We have previously reported on a doubling of thyroid cancer incidence—largely due to the detection of small papillary cancers. Because they are commonly found in people who have died of other causes, and because thyroid cancer mortality had been stable, we argued that the increased incidence represented overdiagnosis.
To determine whether thyroid cancer incidence has stabilized.
Analysis of secular trends in patients diagnosed with thyroid cancer, 1975 to 2009, using the Surveillance, Epidemiology, and End Results (SEER) program and thyroid cancer mortality from the National Vital Statistics System.
Nine SEER areas (SEER 9): Atlanta, Georgia; Connecticut; Detroit, Michigan; Hawaii; Iowa; New Mexico; San Francisco–Oakland, California; Seattle–Puget Sound, Washington; and Utah.

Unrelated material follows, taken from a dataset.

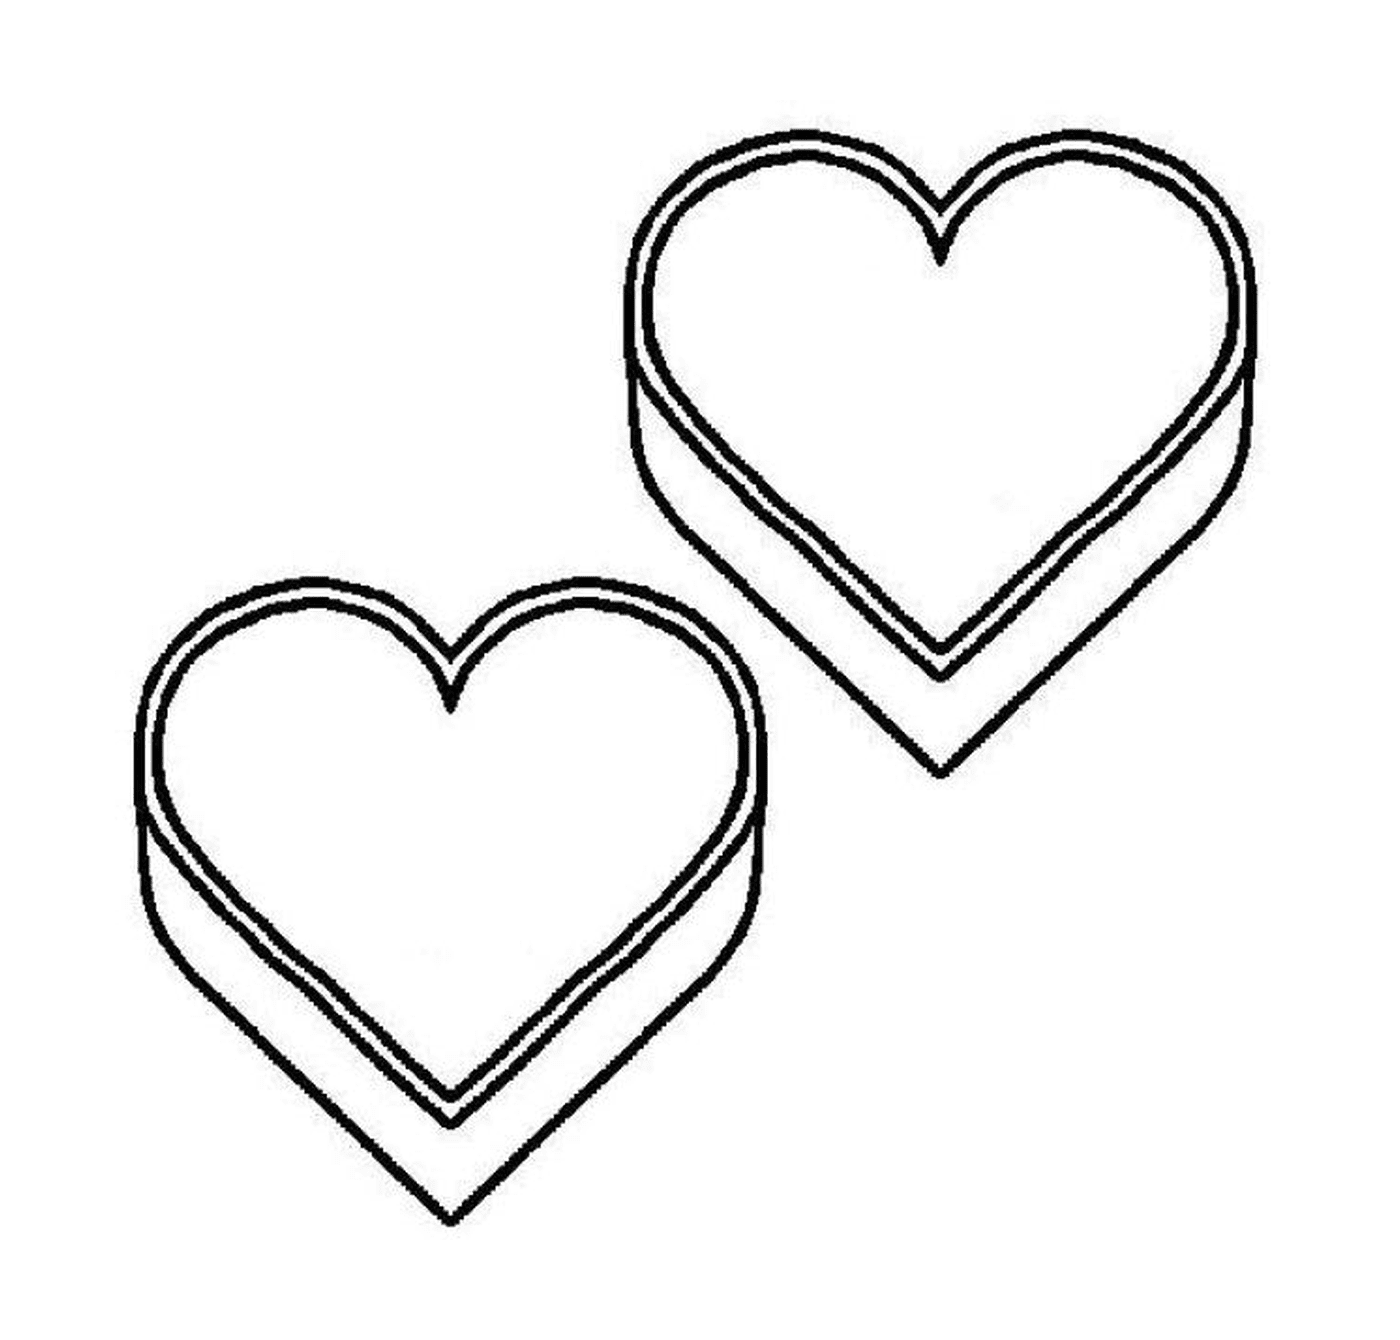  Dos cajas en forma de corazón colocadas lado a lado

Men and women older than 18 years diagnosed as having a thyroid cancer between 1975 and 2009 who lived in the SEER 9 areas.
Main Outcomes and Measures
Thyroid cancer incidence, histologic type, tumor size, and patient mortality.
Since 1975, the incidence of thyroid cancer has now nearly tripled, from 4.9 to 14.3 per 100 000 individuals (absolute increase, 9.4 per 100 000; relative rate [RR], 2.9; 95% CI, 2.7-3.1). Virtually the entire increase was attributable to papillary thyroid cancer: from 3.4 to 12.5 per 100 000 (absolute increase, 9.1 per 100 000; RR, 3.7; 95% CI, 3.4-4.0). The absolute increase in thyroid cancer in women (from 6.5 to 21.4 = 14.9 per 100 000 women) was almost 4 times greater than that of men (from 3.1 to 6.9 = 3.8 per 100 000 men). The mortality rate from thyroid cancer was stable between 1975 and 2009 (approximately 0.5 deaths per 100 000).
Conclusions and Relevance
There is an ongoing epidemic of thyroid cancer in the United States. The epidemiology of the increased incidence, however, suggests that it is not an epidemic of disease but rather an epidemic of diagnosis. The problem is particularly acute for women, who have lower autopsy prevalence of thyroid cancer than men but higher cancer detection rates by a 3:1 ratio.